** Opening DATASET ENTRIES block **

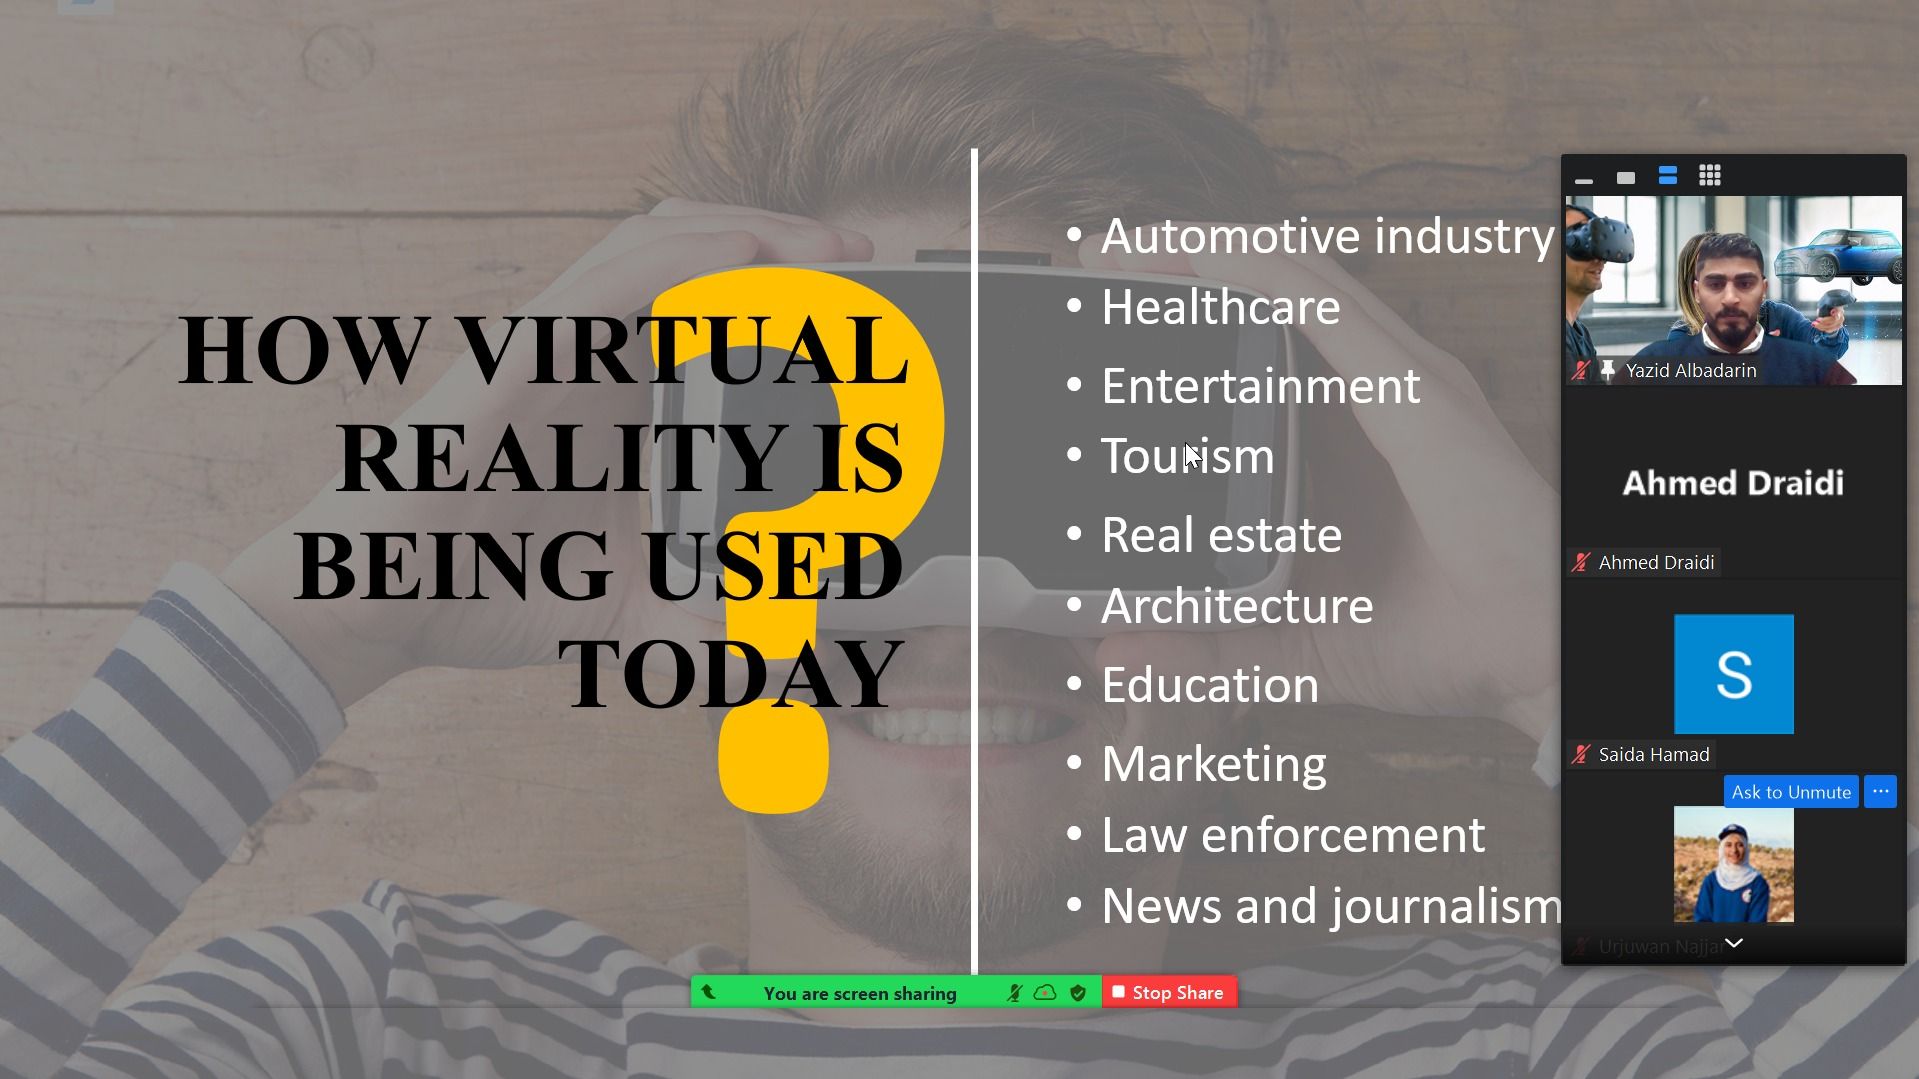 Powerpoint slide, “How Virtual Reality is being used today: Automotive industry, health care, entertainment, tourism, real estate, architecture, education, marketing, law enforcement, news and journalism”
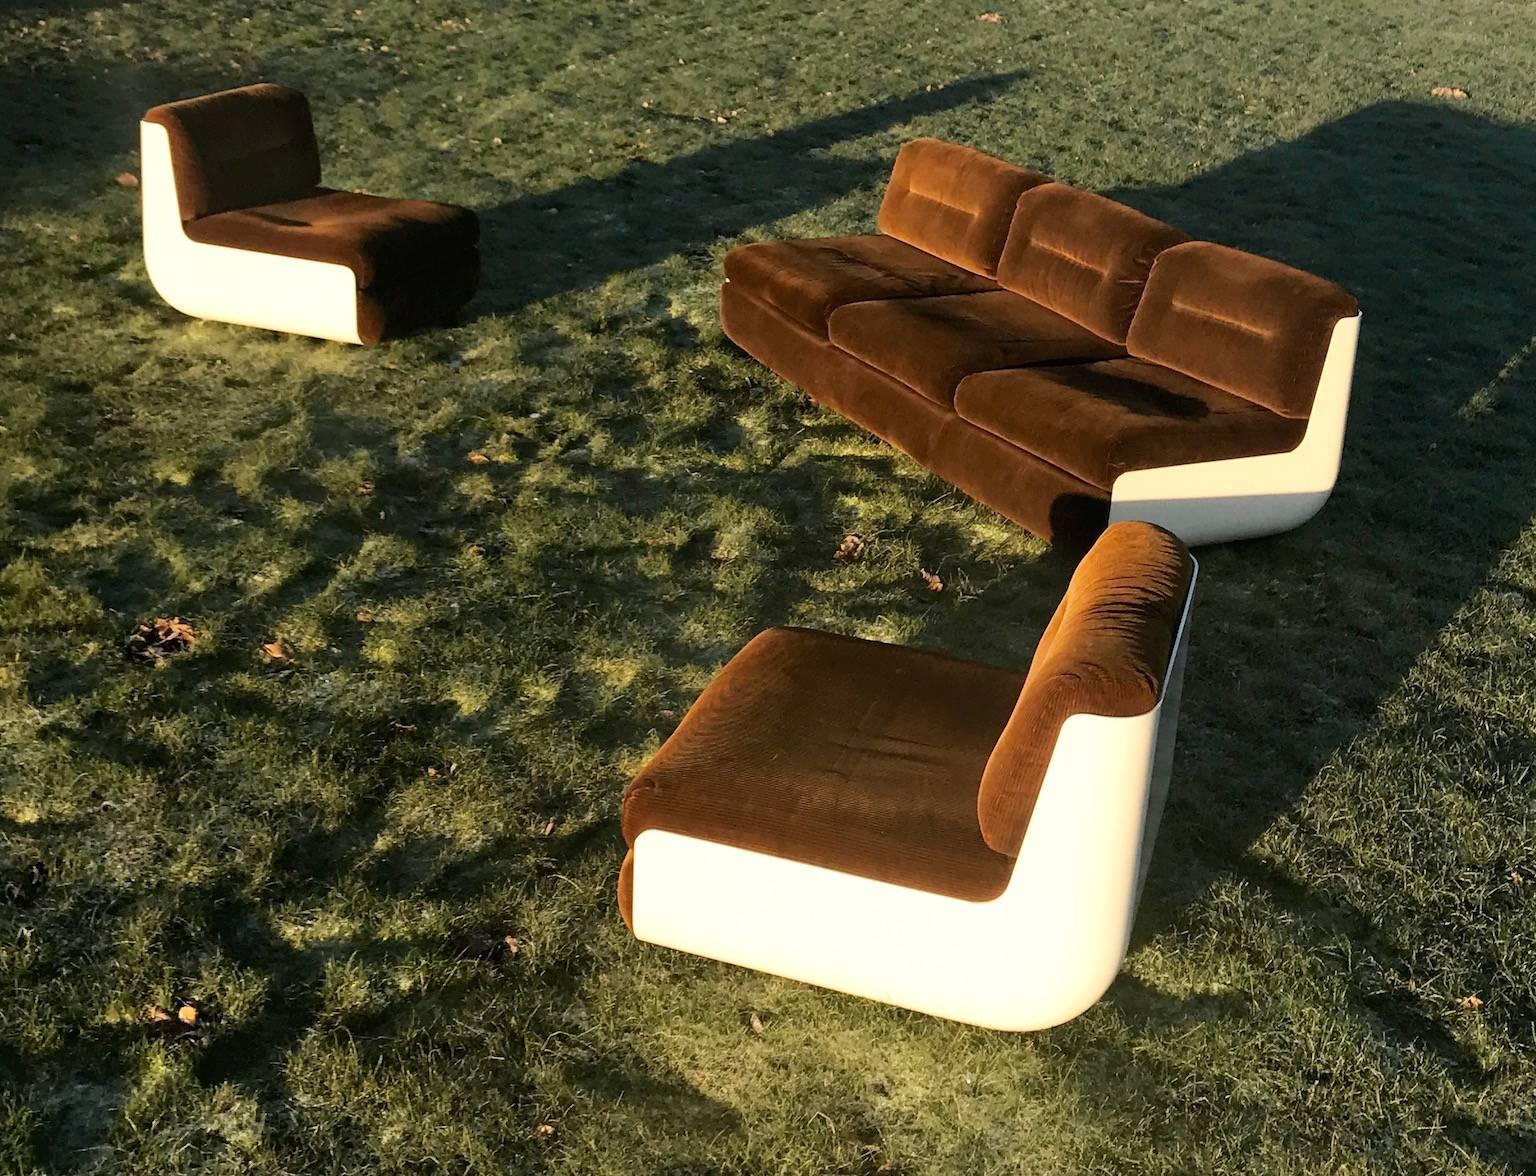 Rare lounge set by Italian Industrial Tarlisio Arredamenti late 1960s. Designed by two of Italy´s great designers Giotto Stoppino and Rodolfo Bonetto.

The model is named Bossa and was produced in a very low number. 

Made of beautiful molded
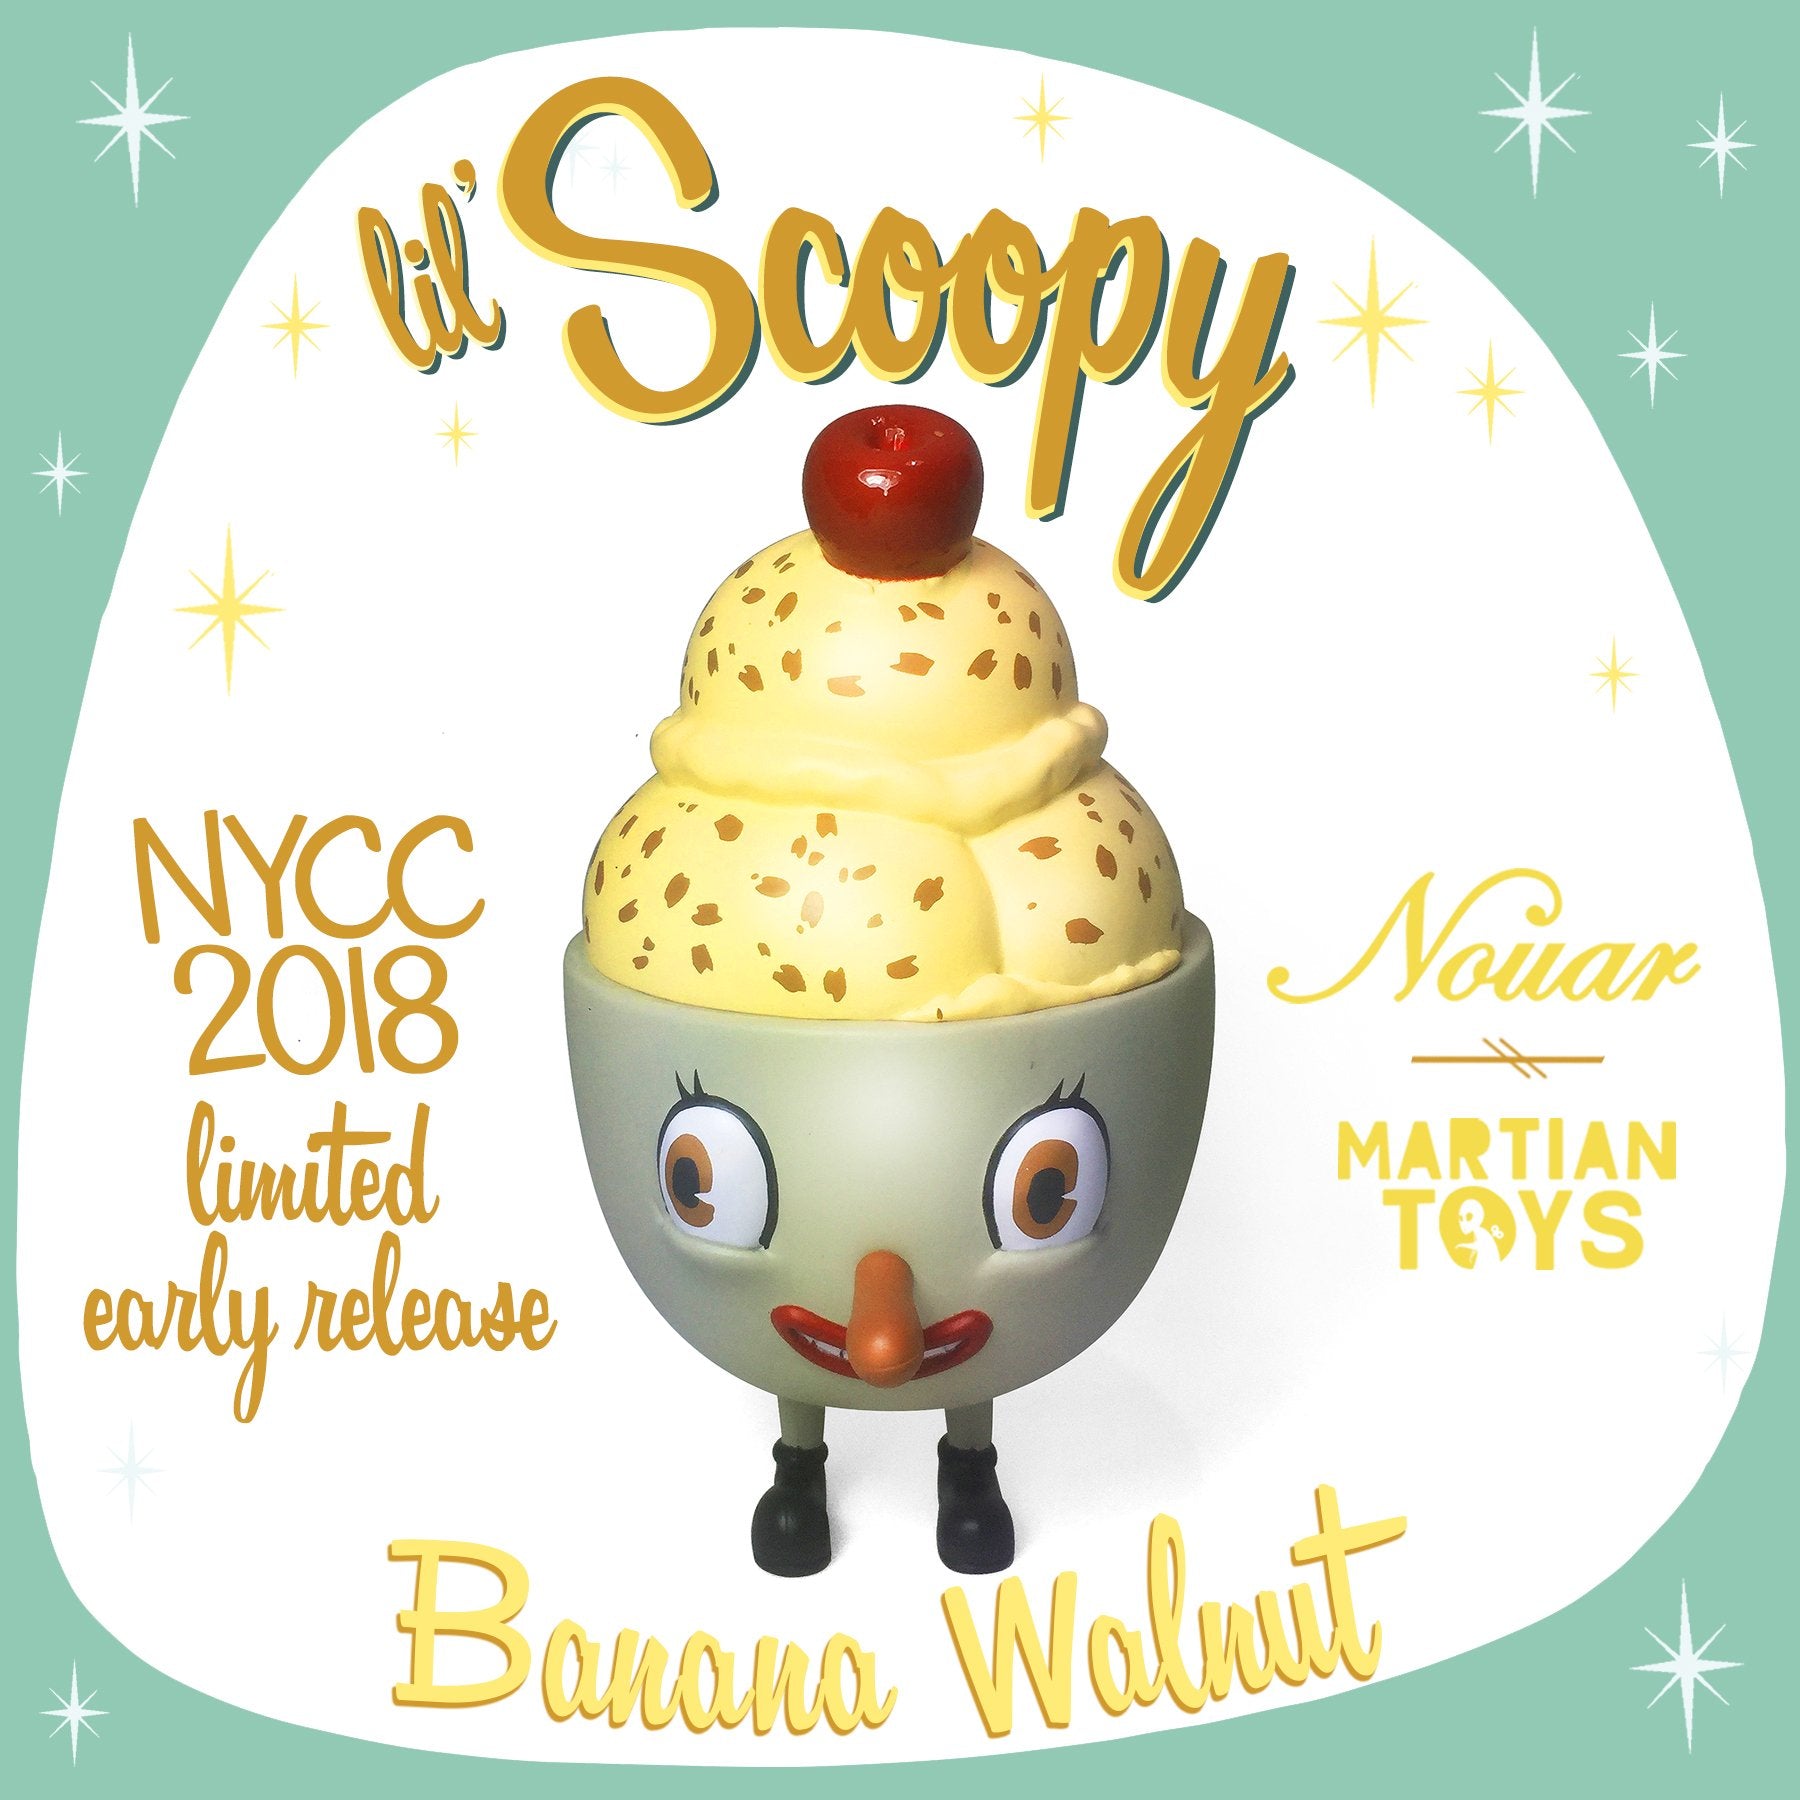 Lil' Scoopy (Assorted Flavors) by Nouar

** Closing DATASET ENTRIES block **

§ **TASK STATEMENT**
From the line containing "Made of beautiful molded" through the last line of the entries, both included, print each line exactly and omit any picture.

§ **REPLY**
Made of beautiful molded
 Lil' Scoopy (Assorted Flavors) by Nouar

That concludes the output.